🤖 AI Summary
This work addresses the challenge of identifying, with high confidence and sample efficiency, the optimal edge node that minimizes the long-term average Age of Information (AoI) under unknown and time-varying node dynamics. The problem is formulated as a fixed-confidence best-arm identification task in a restless multi-armed bandit (RMAB) setting, where each arm evolves independently according to an unknown Markov chain. The paper presents the first RMAB identification framework tailored for AoI minimization, featuring an age-aware LUCB algorithm. Key contributions include establishing an instance-dependent upper bound on sample complexity that scales with the Markov mixing time, and deriving an information-theoretic lower bound that quantifies how temporal correlations affect identification difficulty. Experimental results demonstrate that the proposed method substantially reduces sampling costs, outperforming existing baselines—particularly in high-confidence regimes.
📝 Abstract
Real-time status updating applications increasingly rely on networks of devices and edge nodes to maintain data freshness, as quantified by the age of information (AoI) metric. Given that edge computing nodes exhibit uncertain and time-varying dynamics, it is essential to identify the optimal edge node with high confidence and sample efficiency, even without prior knowledge of these dynamics, to ensure timely updates. To address this challenge, we introduce the first best arm identification (BAI) problem aimed at minimizing the long-term average AoI under a fixed confidence setting, framed within the context of a restless multi-armed bandit (RMAB) model.

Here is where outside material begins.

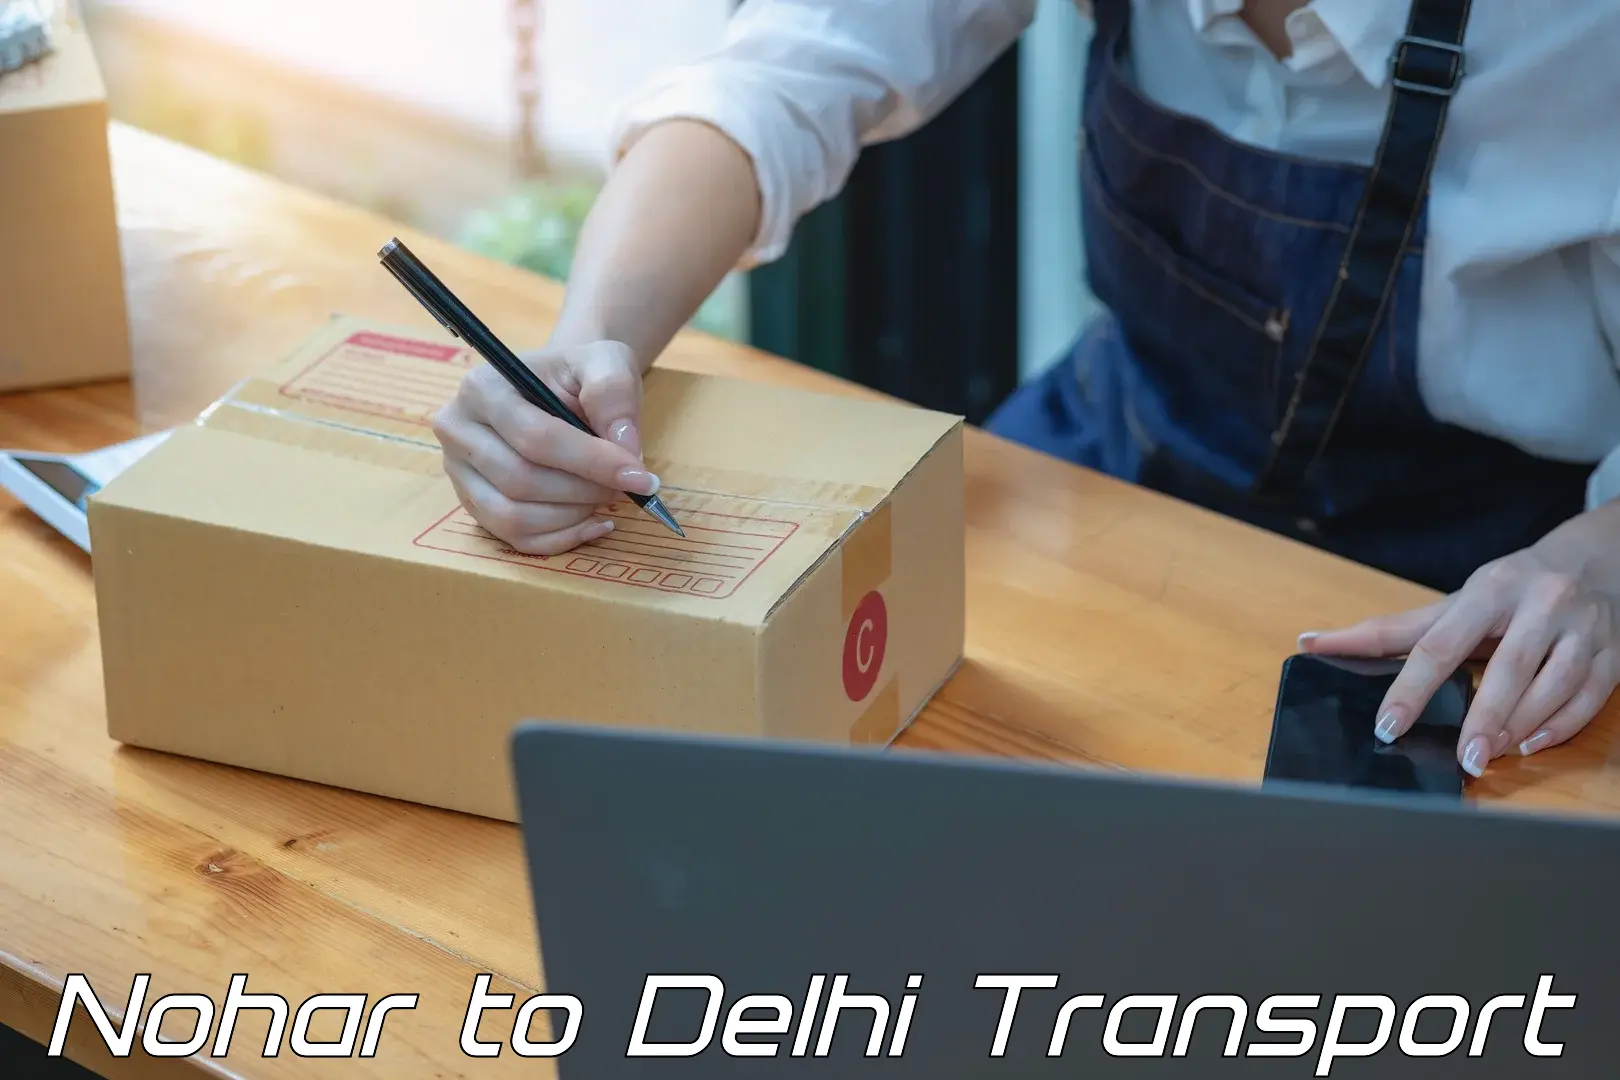 Parcel transport services Nohar to Delhi

In this model, each arm evolves independently according to an unknown Markov chain over time, regardless of whether it is selected. To capture the temporal trajectories of AoI in the presence of unknown restless dynamics, we develop an age-aware LUCB algorithm that incorporates Markovian sampling. Additionally, we establish an instance-dependent upper bound on the sample complexity, which captures the difficulty of the problem as a function of the underlying Markov mixing behavior. Moreover, we derive an information-theoretic lower bound to characterize the fundamental challenges of the problem. We show that the sample complexity is influenced by the temporal correlation of the Markov dynamics, aligning with the intuition offered by the upper bound. Our numerical results show that, compared to existing benchmarks, the proposed scheme significantly reduces sampling costs, particularly under more stringent confidence levels.